Lub d Patong, one of the leading brands.

Lub d is leading the poshtel charge. Here’s the foyer of their Patong property.

Second generation upmarket hostels – dubbed ‘Poshtels – are recording rapid growth in Southeast Asia and also out-performing budget hotels on room rate.

A new report from C9 Hotelworks says the sector has grown 42% over the past two years, attaining a market size of more than 1,200 properties and nearly 52,000 beds.

“Thailand, Malaysia and Vietnam are now the top three players in the region, with Indonesia narrowing the margin with year-on-year growth of 73%,”said C9’s Managing Director Bill Barnett.

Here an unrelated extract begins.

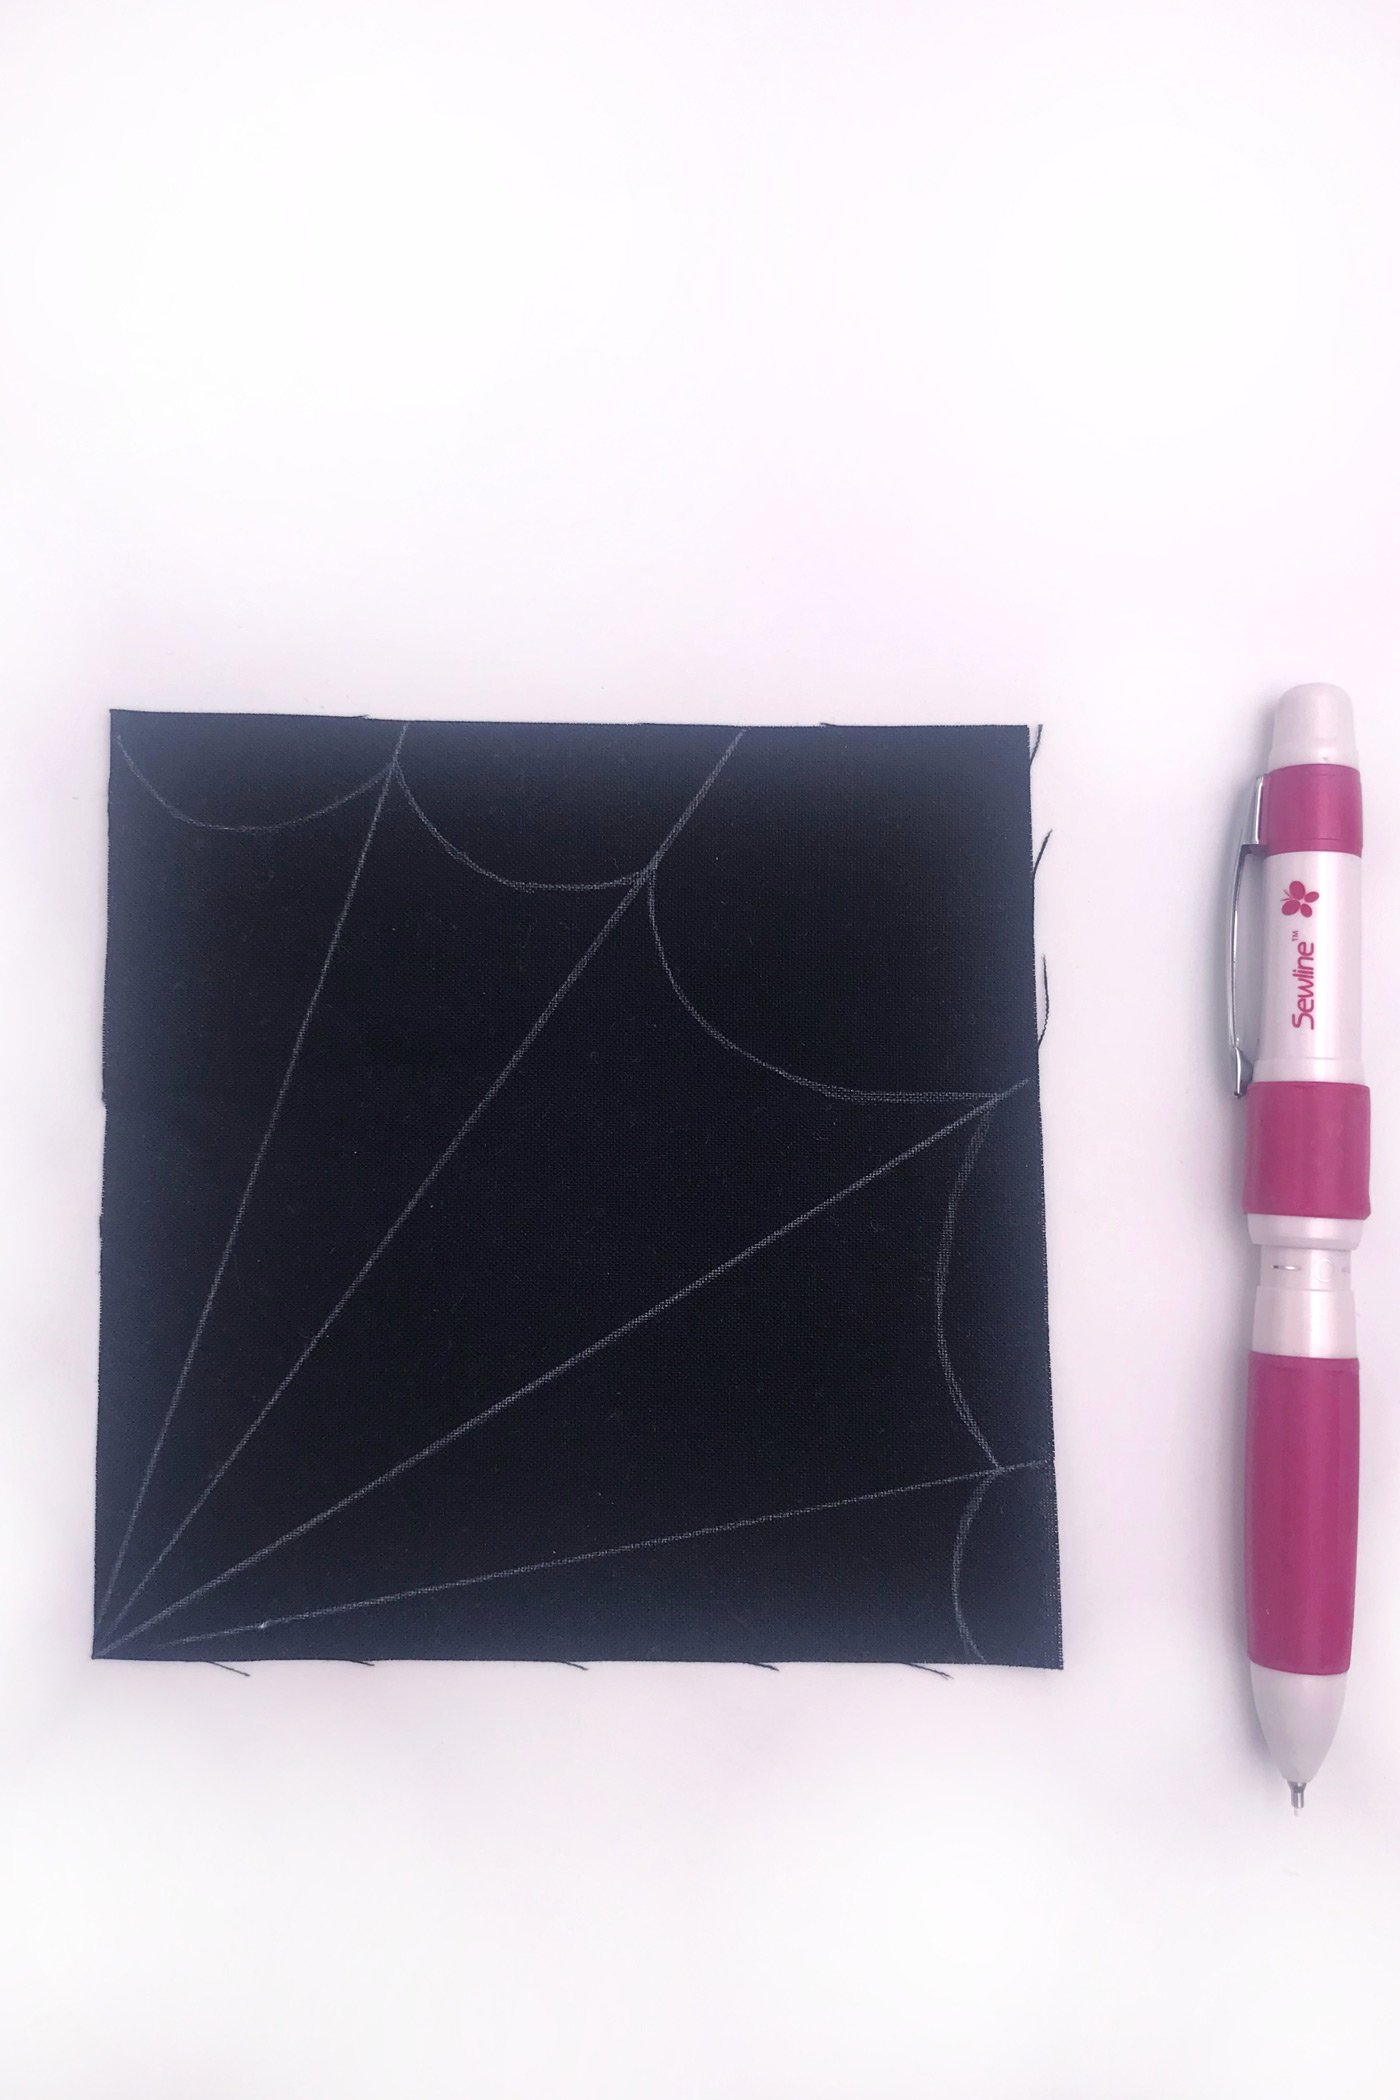 tissu noir avec une toile d'araignée blanche dessinée dessus

He explained that: “Hostels are unlike hotels as average rates are calculated on a per bed basis, compared to hotels which use a per room rate.

“Our research across Southeast Asia shows that if comparing the two accommodation models side by side, the average room rates in newer hostel properties are matching or exceeding those in the more established budget hotel tier.”

Barnett said as a result of this – and also the fact that hostels, unlike formulaic budget hotel brands, can easily adapt to retro-fits and re-purposed real estate – the sector is attracting increased investment.

“An increasing number of groups are now developing a critical mass of properties while we are already seeing private equity players in Southeast Asia start to chase the trail of what is arguable the region’s must exciting travel space.”